As above. I'll also add that the foam serves as a carrier for the dirt when pressure washing the car before your 'numerous' bucket method wash.

Far too many people get hung up on the latest LSP fad when all they need to worry about is getting the paintwork, swirl free and maintaining it in the best way possible.


----------



## cheekymonkey

nick_mcuk said:


> Well its not done any damage to the TAC coating on the Mazda and thats over 16 months old, the 208's Zaino and topped up wax topcoat was still beading nicely all the time up till last week when I did a paint correction...so next comment rubbishing actual first hand experiences?
> 
> The AG TFR's are probably some of the mildest out there....and I have been using them for a long time now and NEVER had any issues.
> 
> *I have even used them 100% neat in the foam bottle and the LSP's have stood up to them.*...so I fail to see how you claim they are evil and nasty?
> 
> By the way the Multi-Wash TFR can be used and an APC and interior cleaner so I really do think you need to get your facts right before blasting out the "same ole same ole" witch hunt garbage argument.
> 
> seems with that statement i highlighted you dont really understand the meaning of lsp failer
> . Just because you wash it in the tfr and it still beeds after does not rule out lsp fail. A harsh product doesnt just remove the lsp in 1 hit, it deteriorates it over a few uses.
> 
> By the way most tfrs can be used as an apc or interior cleaner. thats just marketing rubbish


----------



## cheekymonkey

nick_mcuk said:


> Again a sweeping statement thats just not true...I personally did some back to back test and a number of the "soft and fluffy" snow foams did no better job of softening the grime than plain water from the presure washer...i think Jesse from Wolfs actually did a test/writeup on here a few years back...and his findings we exactly the same....plain water was just as good and a darn sight less expensive.
> 
> As I said in my post i use some PH neutral foam in my mix not as a cleaning agent but more as a foam thickener when added to the AutoGlym TFR's


really, i disagree with that and many others on here will also.
The down fall with that is a pw and water doesnt clean as well as a SF and pw. cant coment on yours or Jesses tests as not seen them.
As i recall Jesse produces and sells snow foam 
http://wolfs-chemicals.com/products_shop/wash/Snow_Foam_Shampoo_5L


----------



## wish wash

I think how a snow foam performs is going to vary from person to person. Dilution ratios play a factor as does how good there lsp is on the car. What's works for one may not work so well on a less protected car.


----------



## Surrey Sam

That fence you're sitting on, must be uncomfortable?


----------



## fatdazza

TonyHill said:


> Isn't Power Maxed tfr lsp safe, providing you dilute accordingly??

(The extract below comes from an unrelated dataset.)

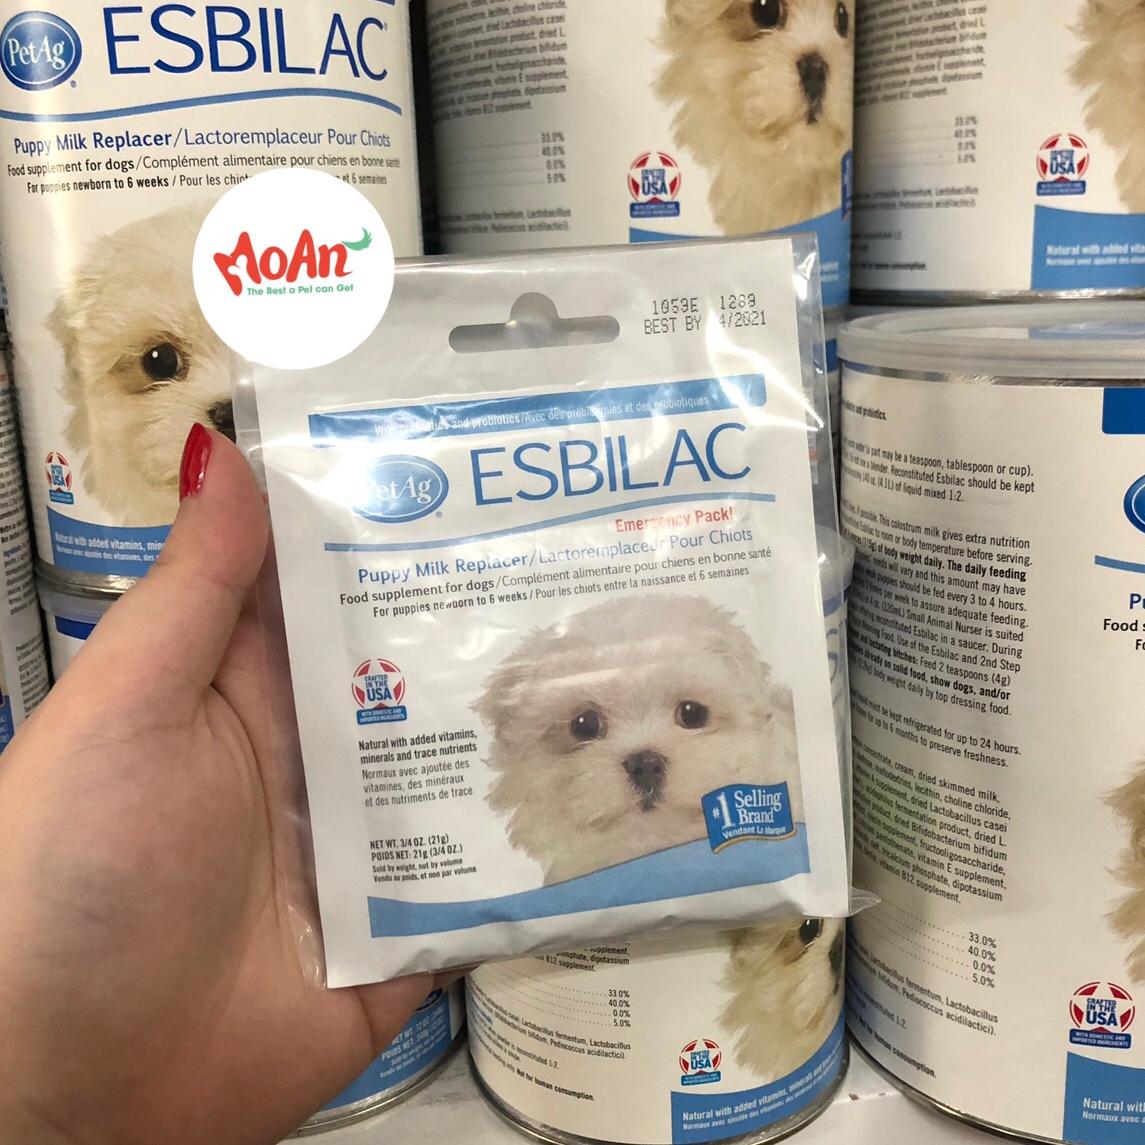 Sữa PetAg ESBILAC Mỹ dạng bột 21g

Define lsp safe. I often ask this question but have yet to receive a satisfactory answer.

If you mean will it not strip lsp, then most tfrs are lsp safe. Most ftrs will however degrade lsp quicker than safer alternatives. Fine if you are happy to apply lsp more often.


----------



## dholdi

Who is on the fence ?


----------



## nick_mcuk

cheekymonkey said:


> nick_mcuk said:
> 
> 
> 
> Well its not done any damage to the TAC coating on the Mazda and thats over 16 months old, the 208's Zaino and topped up wax topcoat was still beading nicely all the time up till last week when I did a paint correction...so next comment rubbishing actual first hand experiences?
> 
> The AG TFR's are probably some of the mildest out there....and I have been using them for a long time now and NEVER had any issues.
> 
> *I have even used them 100% neat in the foam bottle and the LSP's have stood up to them.*...so I fail to see how you claim they are evil and nasty?
> 
> By the way the Multi-Wash TFR can be used and an APC and interior cleaner so I really do think you need to get your facts right before blasting out the "same ole same ole" witch hunt garbage argument.
> 
> 
> 
> seems with that statement i highlighted you dont really understand the meaning of lsp failer
> . Just because you wash it in the tfr and it still beeds after does not rule out lsp fail. A harsh product doesnt just remove the lsp in 1 hit, it deteriorates it over a few uses.
> 
> By the way most tfrs can be used as an apc or interior cleaner. thats just marketing rubbish
Click to expand...

Well obviously beading isnt the sole indicator of an LSP....sorry didnt realise I had to spell out the basics so let me start being absolute in my replies, of course there are numerous indicators including beading being one of them along with visual appearance, slickness of the surface, the dirt repulsion and lack of adhesion to mention a few...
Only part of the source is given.